G.R. No. L-25523, July 29, 1926, 49 Phil 165

FACTS: This is a petition for a writ of mandamus to compel the respondent judge to admit an appeal
interposed in a probate case by the petitioners.

In a probate proceeding, certain lands belonging to the estate of the deceased were ordered sold, over
the opposition of some of the heirs, for the purpose of obtaining funds for the payment of attorneys fees
alleged to be due. The heirs excepted to this order as well as to another order denying a motion for
reconsideration and the CFI refused to admit the appeal. The land was sold and the proceeds of the sale
paid over to the attorney. The heirs thereupon petitioned the Supreme Court for a writ of mandamus to
compel the lower court to admit the appeal. The respondent moved that the petition be dismissed on the
ground that the matters at issue had become moot questions by reason of the execution of the order of
sale and the payment of the proceeds to the attorney for the estate.
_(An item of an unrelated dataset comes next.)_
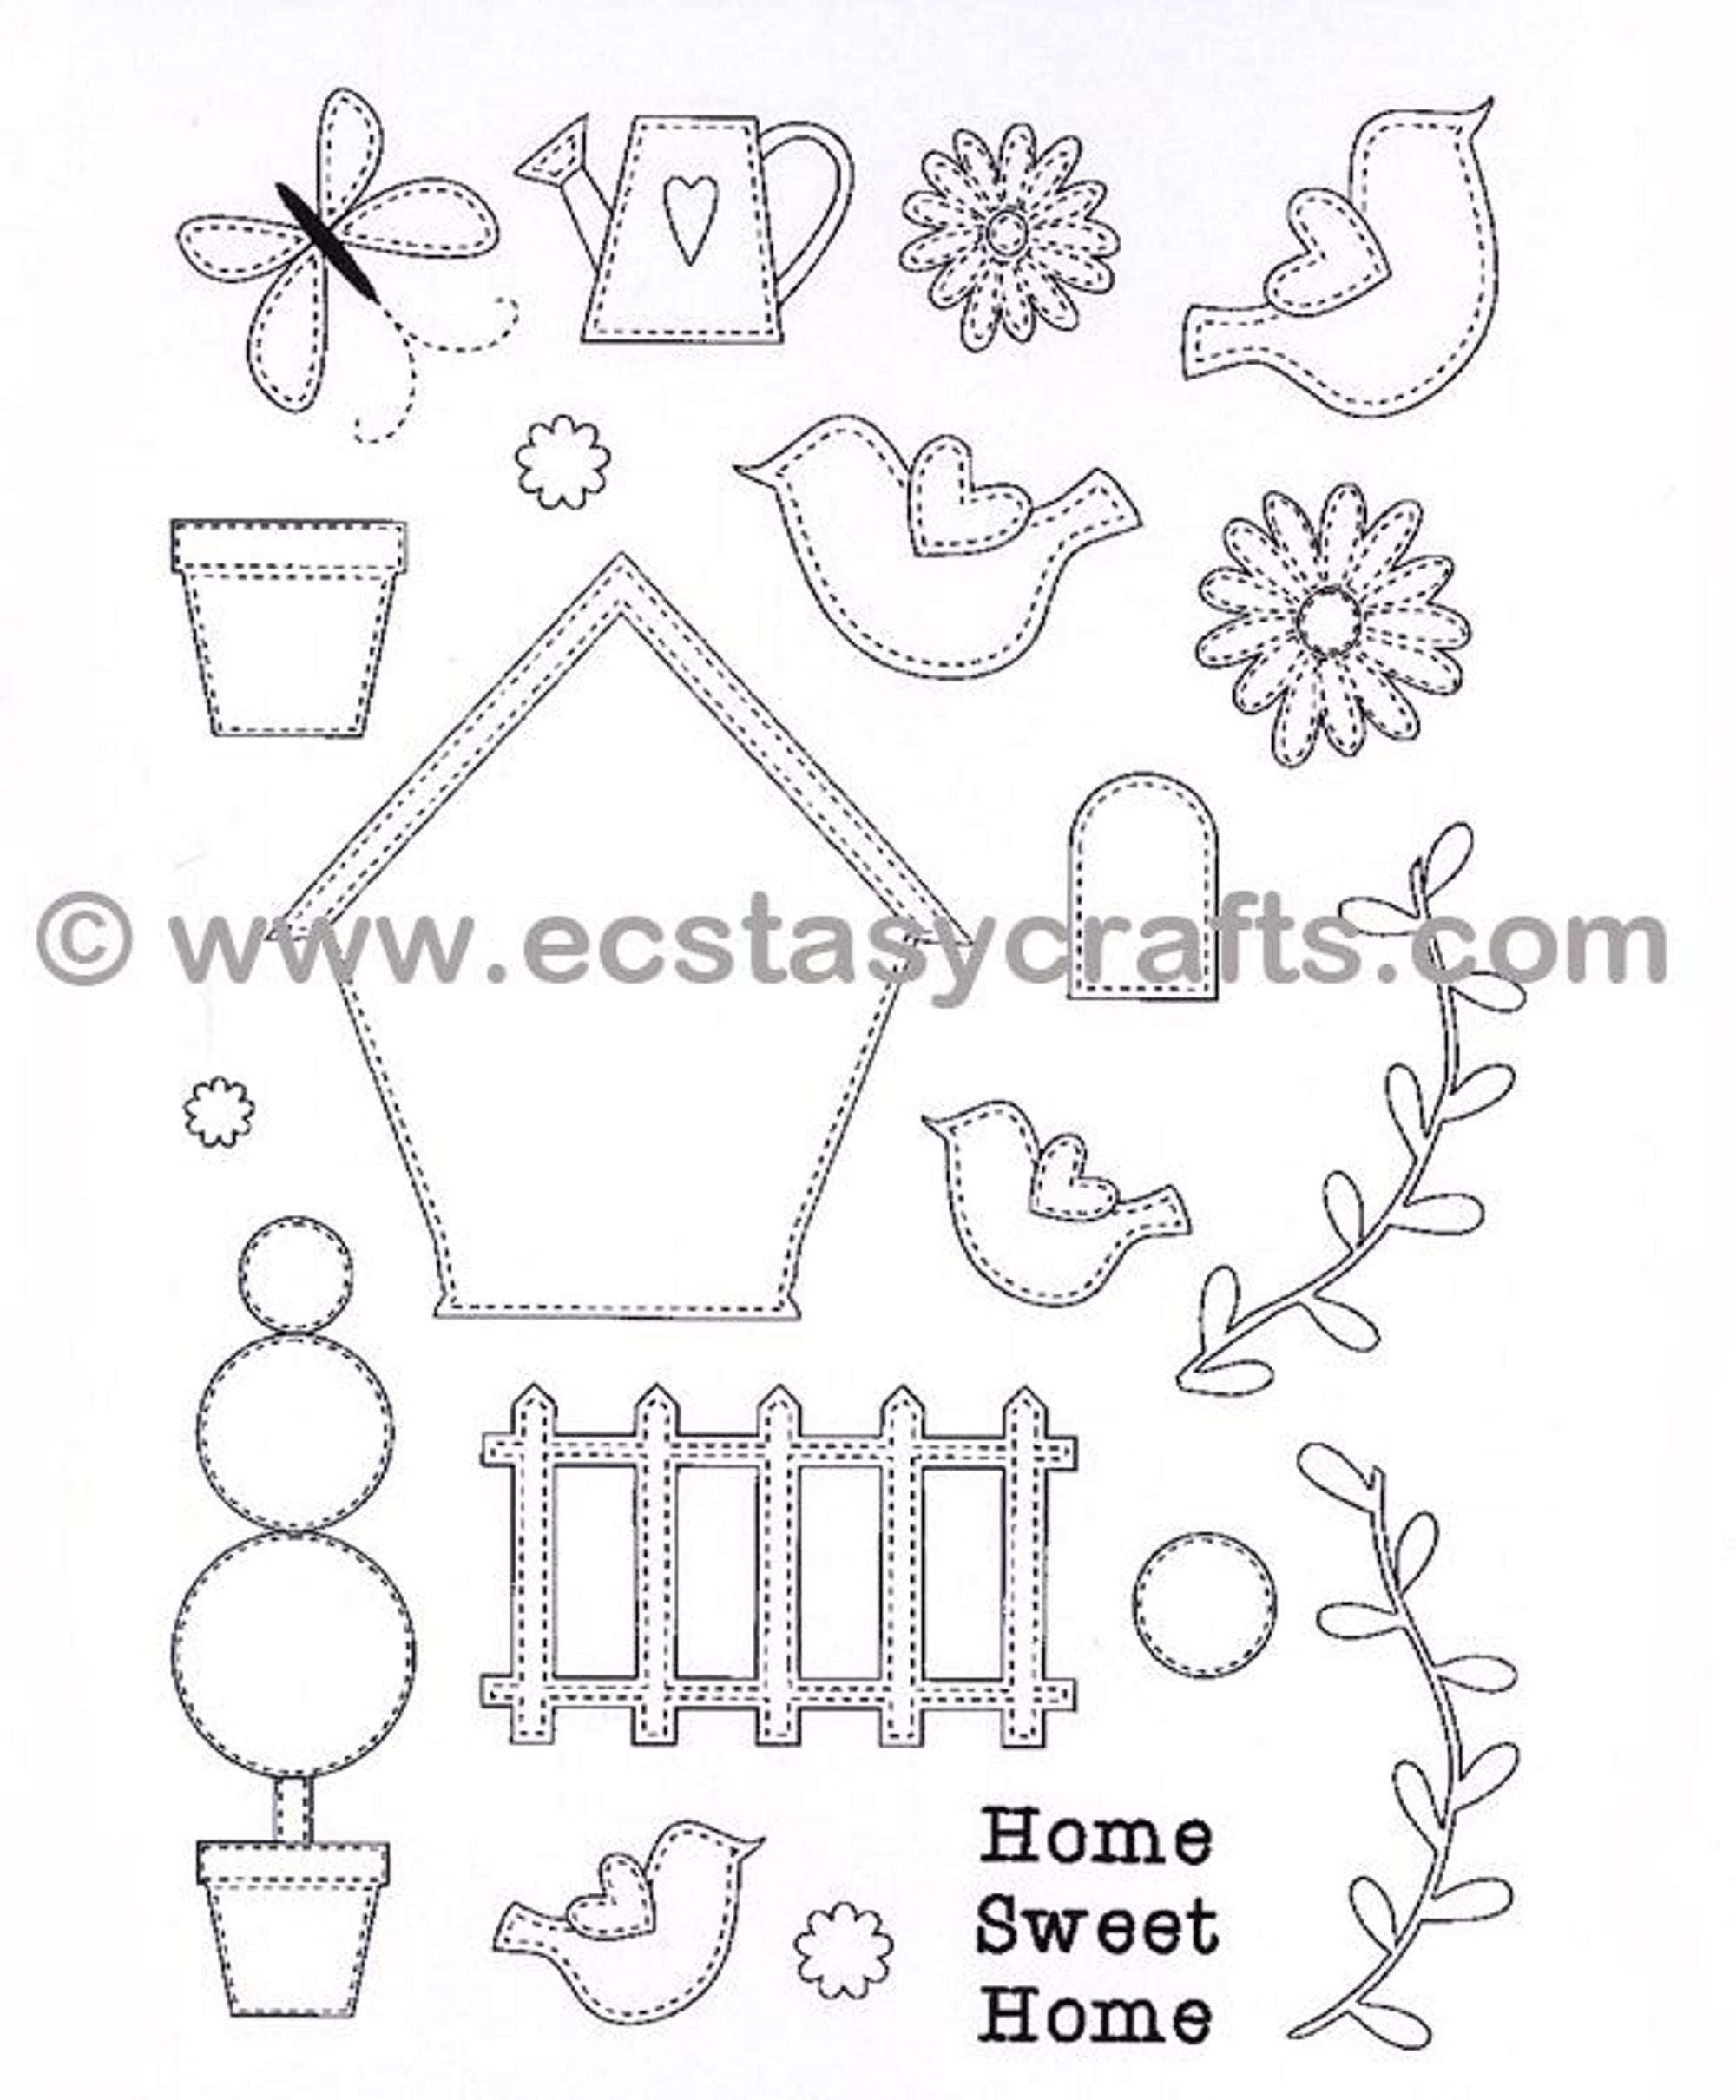 Creative Expressions Stamp - In The Garden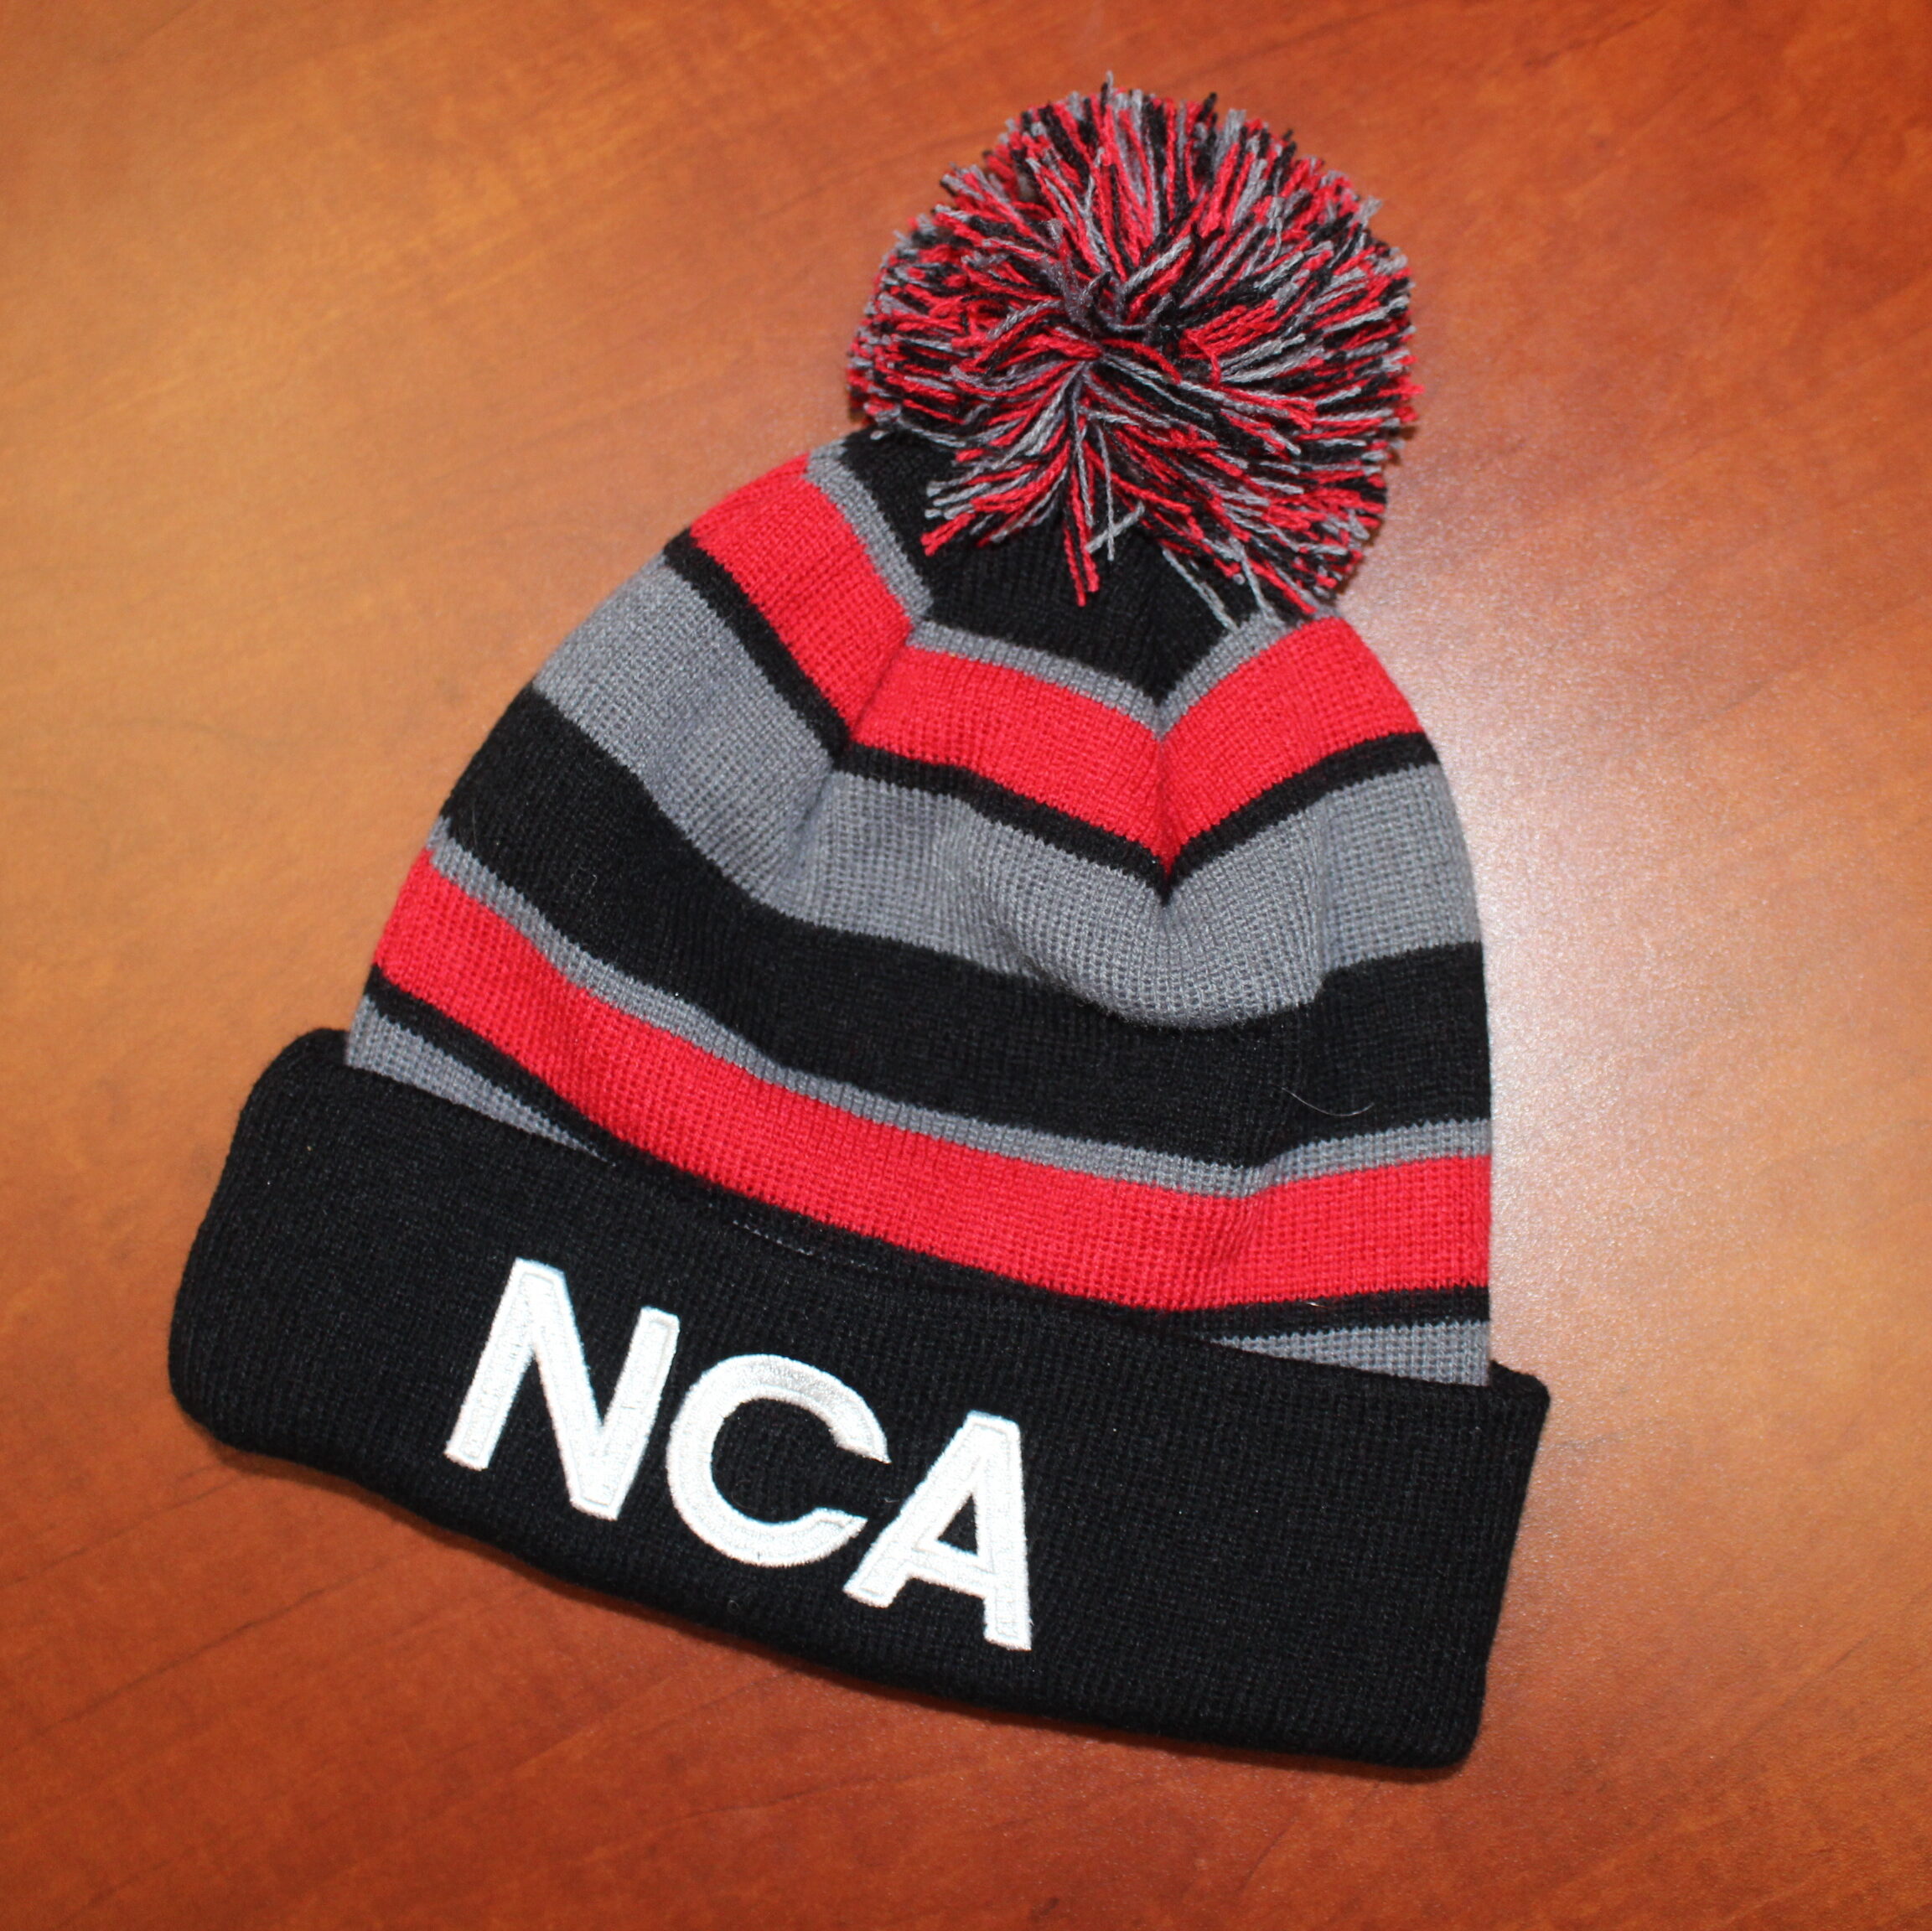 Stocking cap with school colors and the letters, "NCA" on it

ISSUES: 1. Whether or not the order appealed from is a moot question.
2. Whether or not the order was premature for being interlocutory.

RULING: 1. No. If the payment was improvidently made, the money might be ordered refunded and that,
therefore, the order appealed from had not become a moot question.

2. An order issued without the consent of the heirs and directing the administrator of the estate of the
deceased person to proceed immediately with the sale of the land pertaining to the estate is not an
interlocutory order and is appealable. The court below may possibly have been misled by the provision in
section 123 of the Code of Civil Procedure, that no ruling, order or judgment shall "be the subject of
appeal to the Supreme Court until final judgment is rendered for one party or the other." This provision
applies to ordinary civil action, but that it cannot be accepted literally in regard to probate proceedings, is
best shown by the extensive provisions for special appeals contained in sections 773 to 783 of the same
Code."


* The case is under cancellation but is actually a probate case.